WORK TASK: Required from the data below: the exact lines starting at the line containing "November. Stock Photo" and ending at the line containing "Prince William fighting", with both ends kept and all pictures dropped.

PROVIDED INFORMATION:
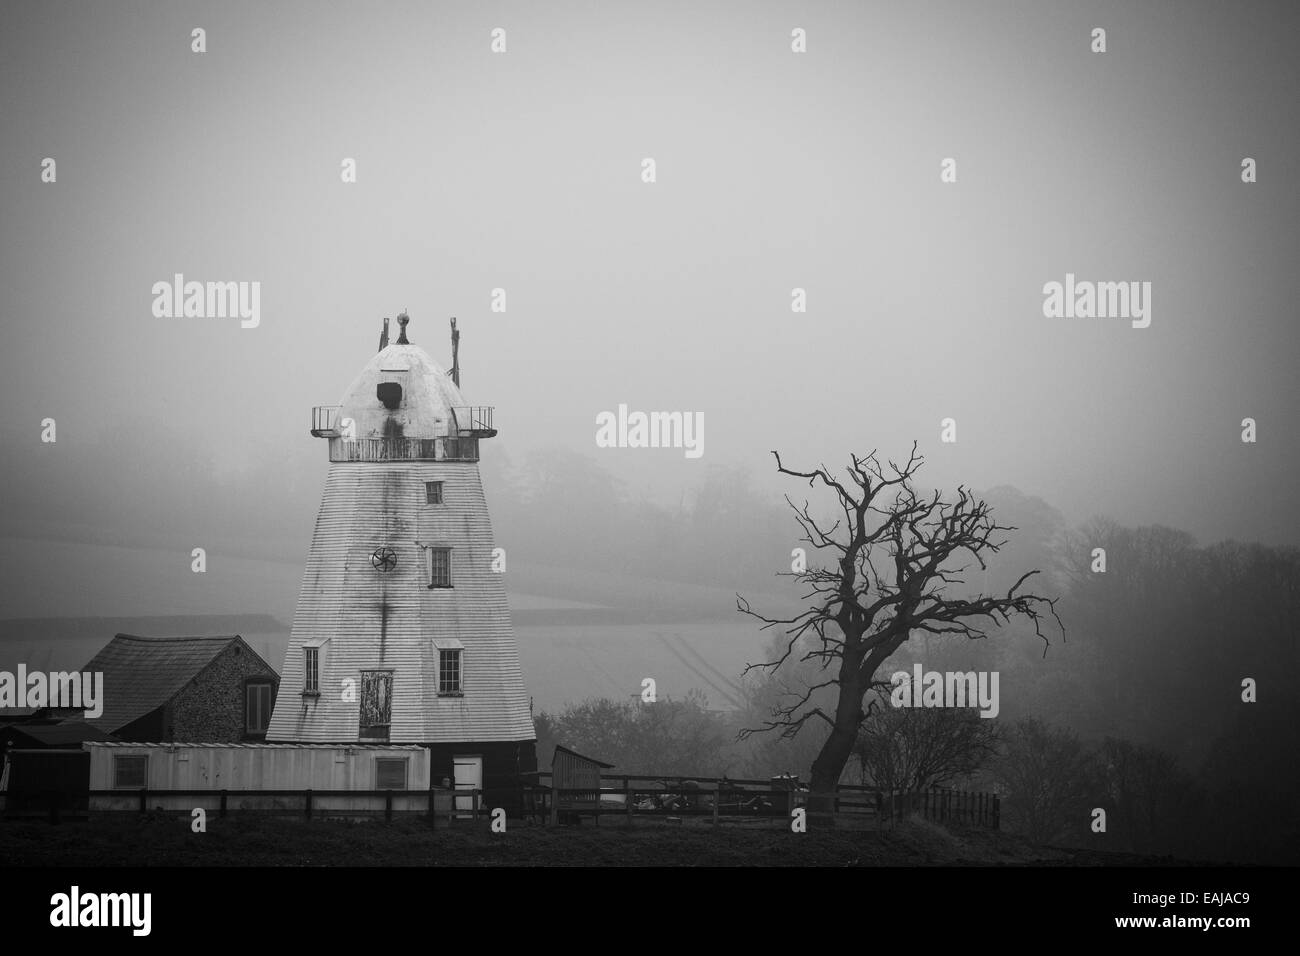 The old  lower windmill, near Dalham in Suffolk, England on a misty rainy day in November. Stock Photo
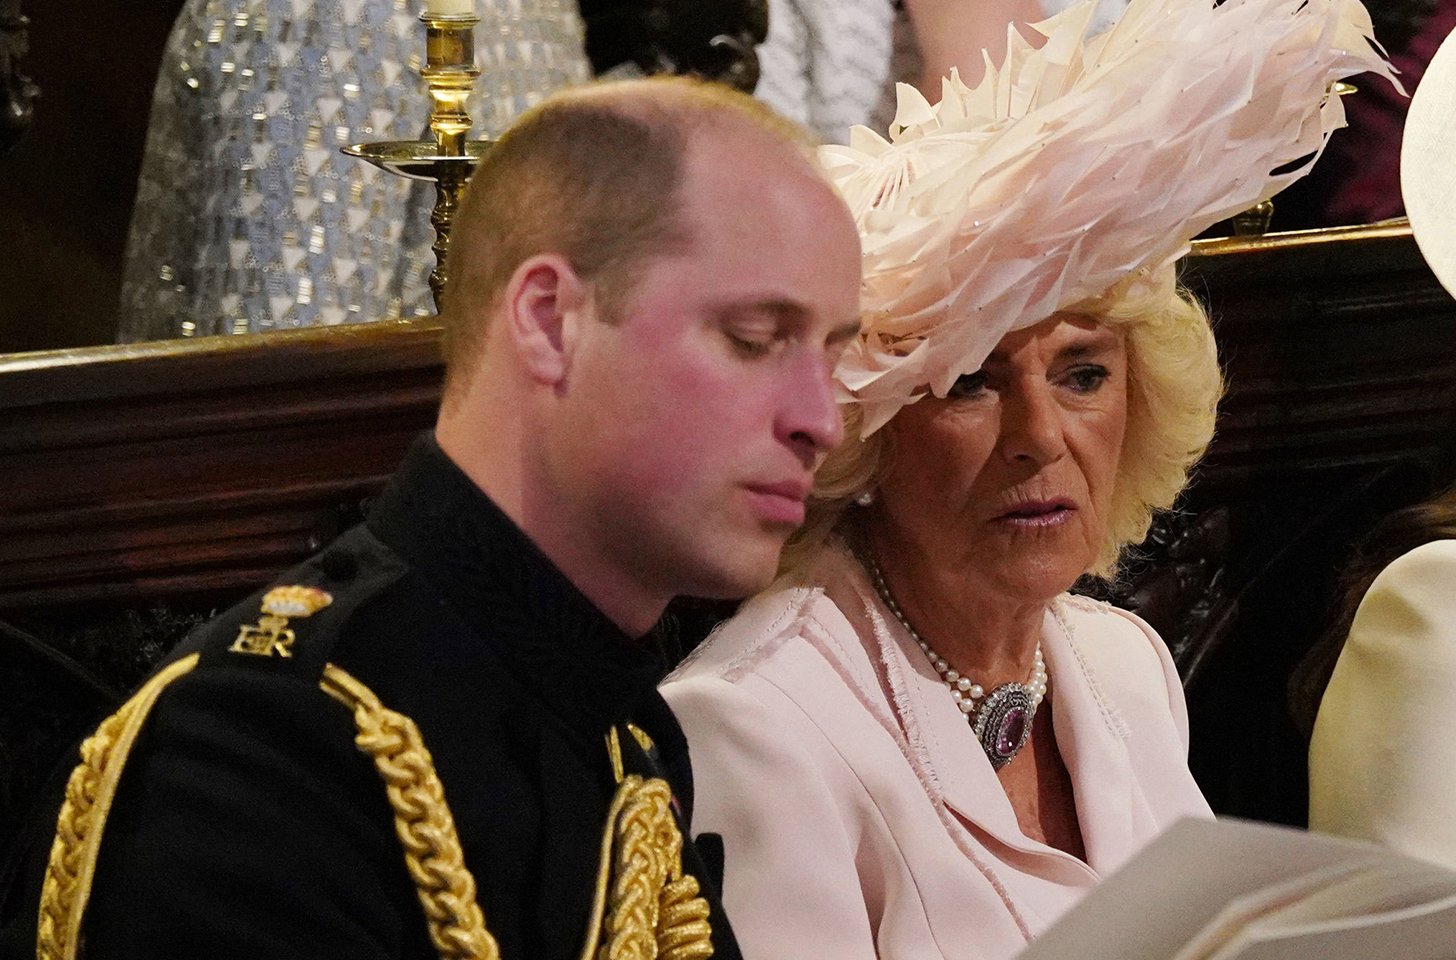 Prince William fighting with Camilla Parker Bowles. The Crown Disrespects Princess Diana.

--

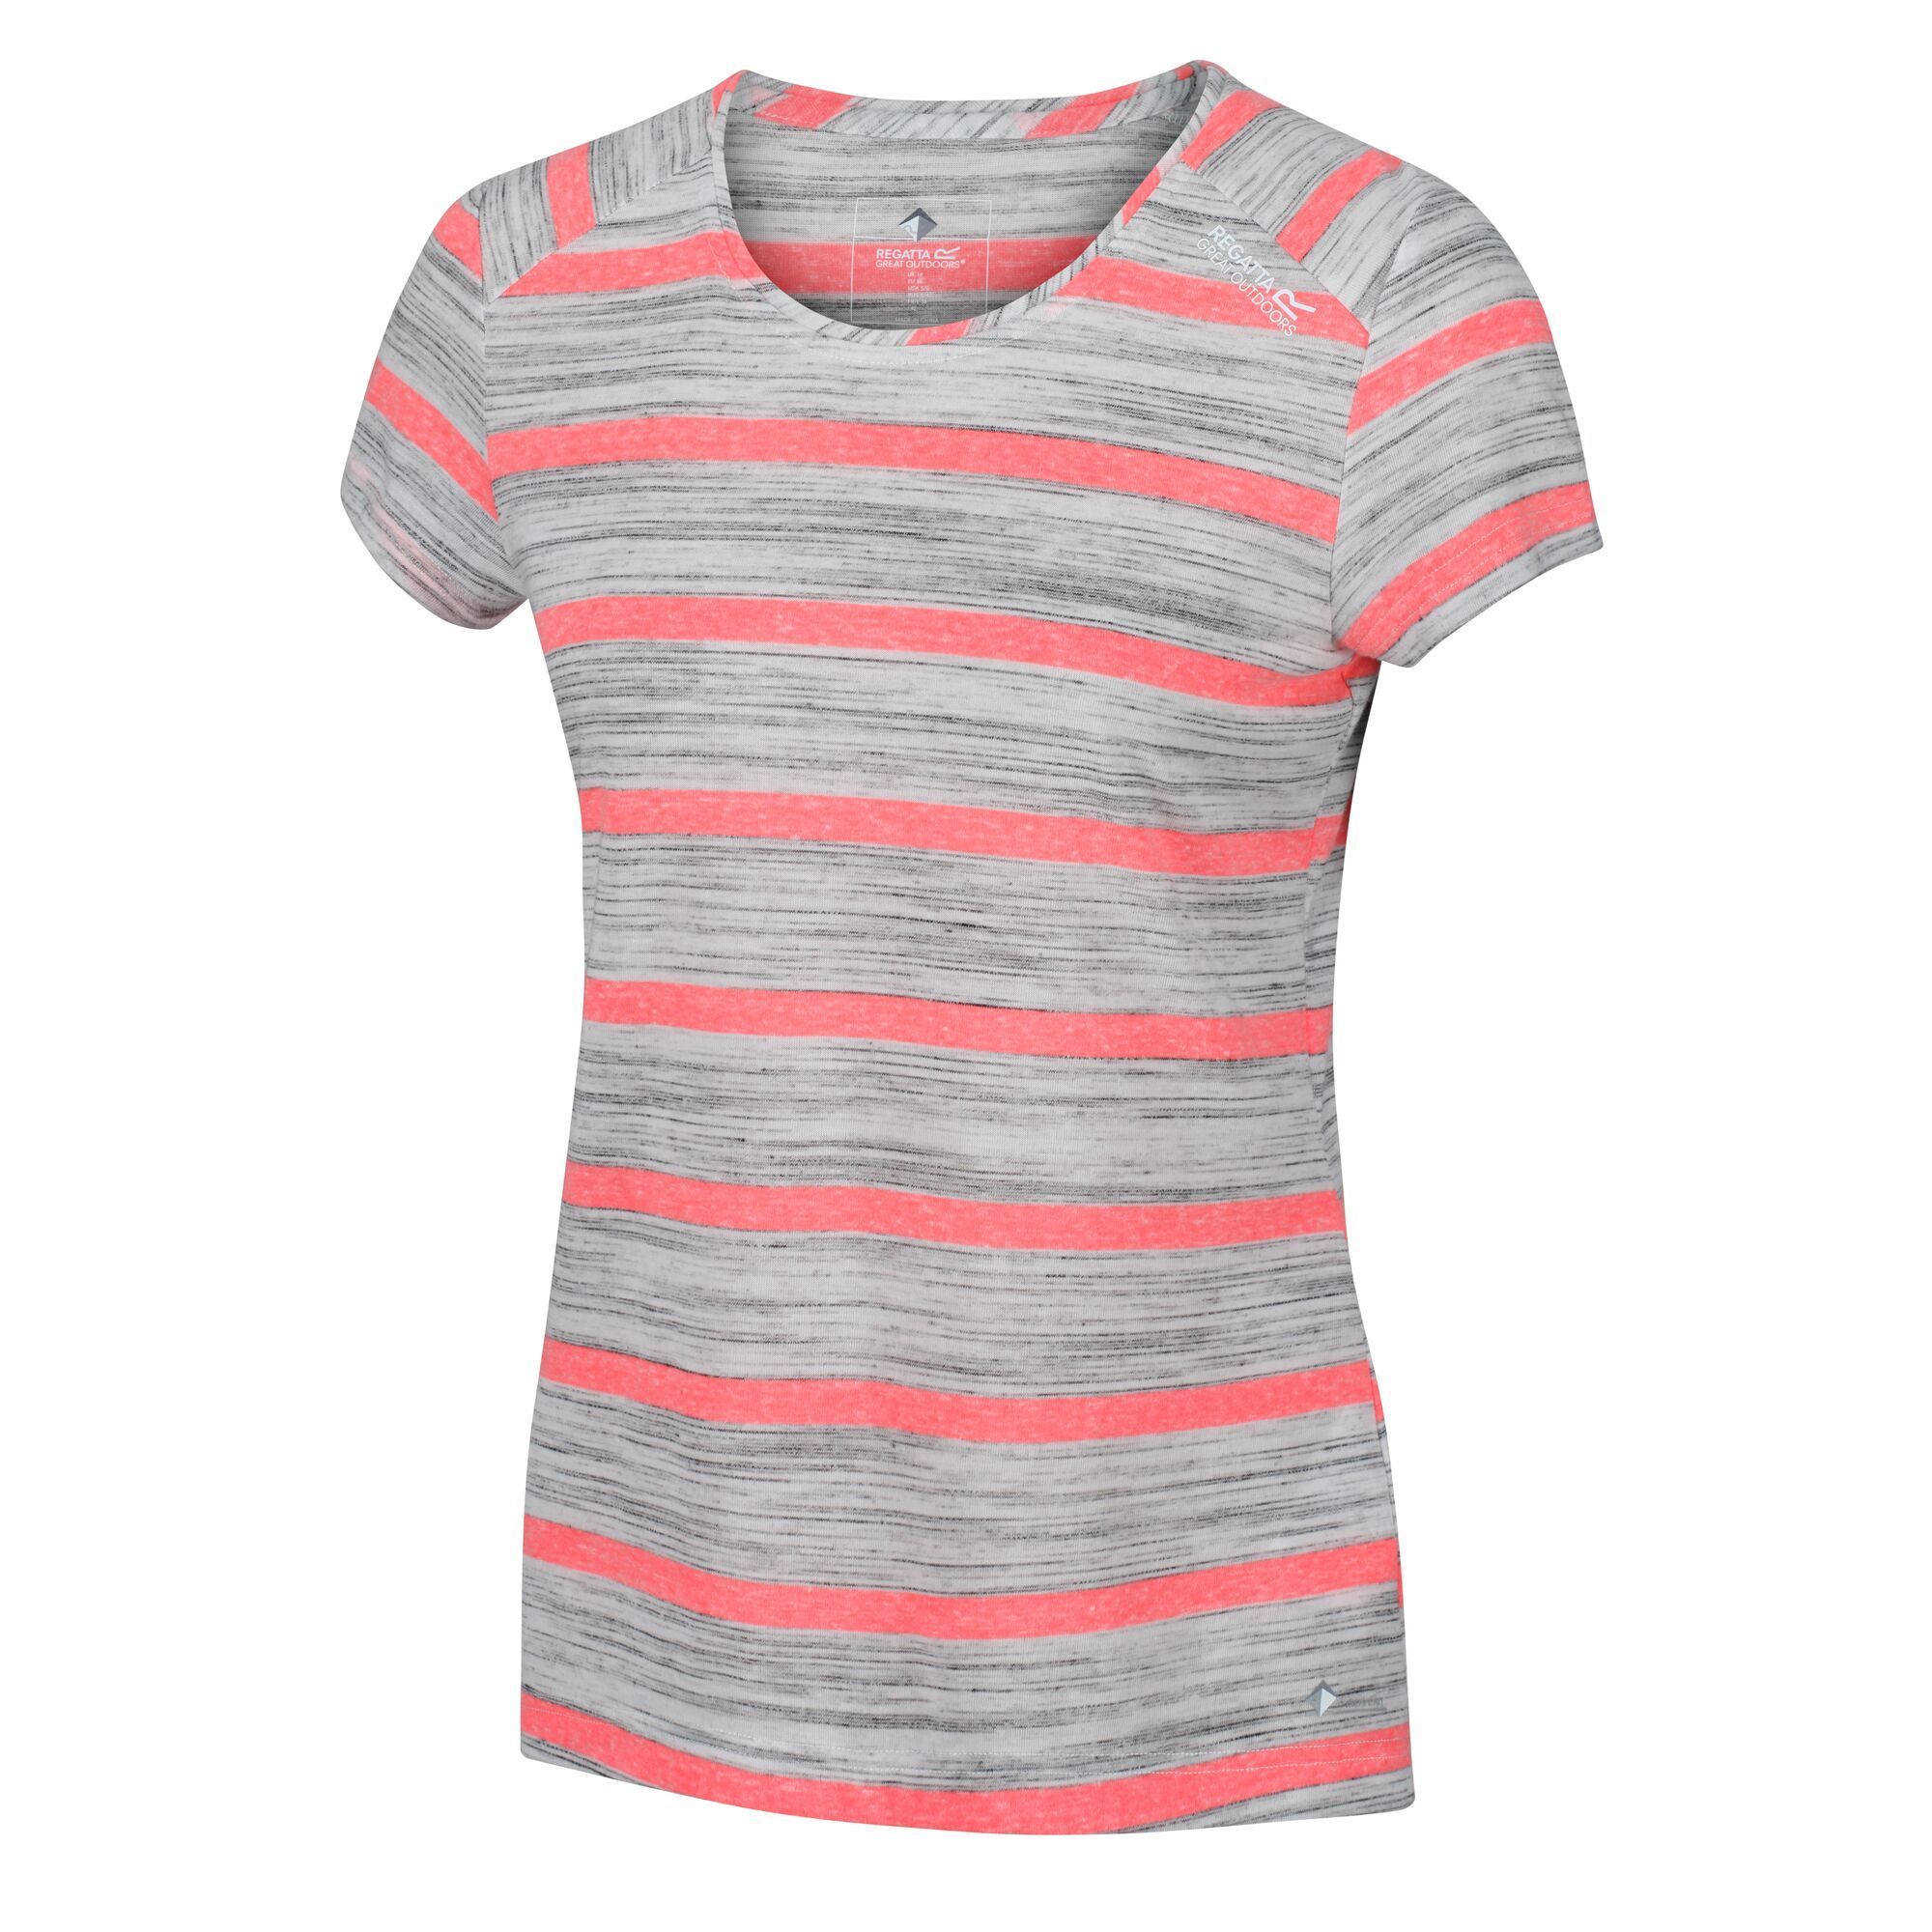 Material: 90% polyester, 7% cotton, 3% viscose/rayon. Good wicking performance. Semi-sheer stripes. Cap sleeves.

RESPONSE TO THIS EXERCISE:
 The old  lower windmill, near Dalham in Suffolk, England on a misty rainy day in November. Stock Photo
 Prince William fighting with Camilla Parker Bowles. The Crown Disrespects Princess Diana.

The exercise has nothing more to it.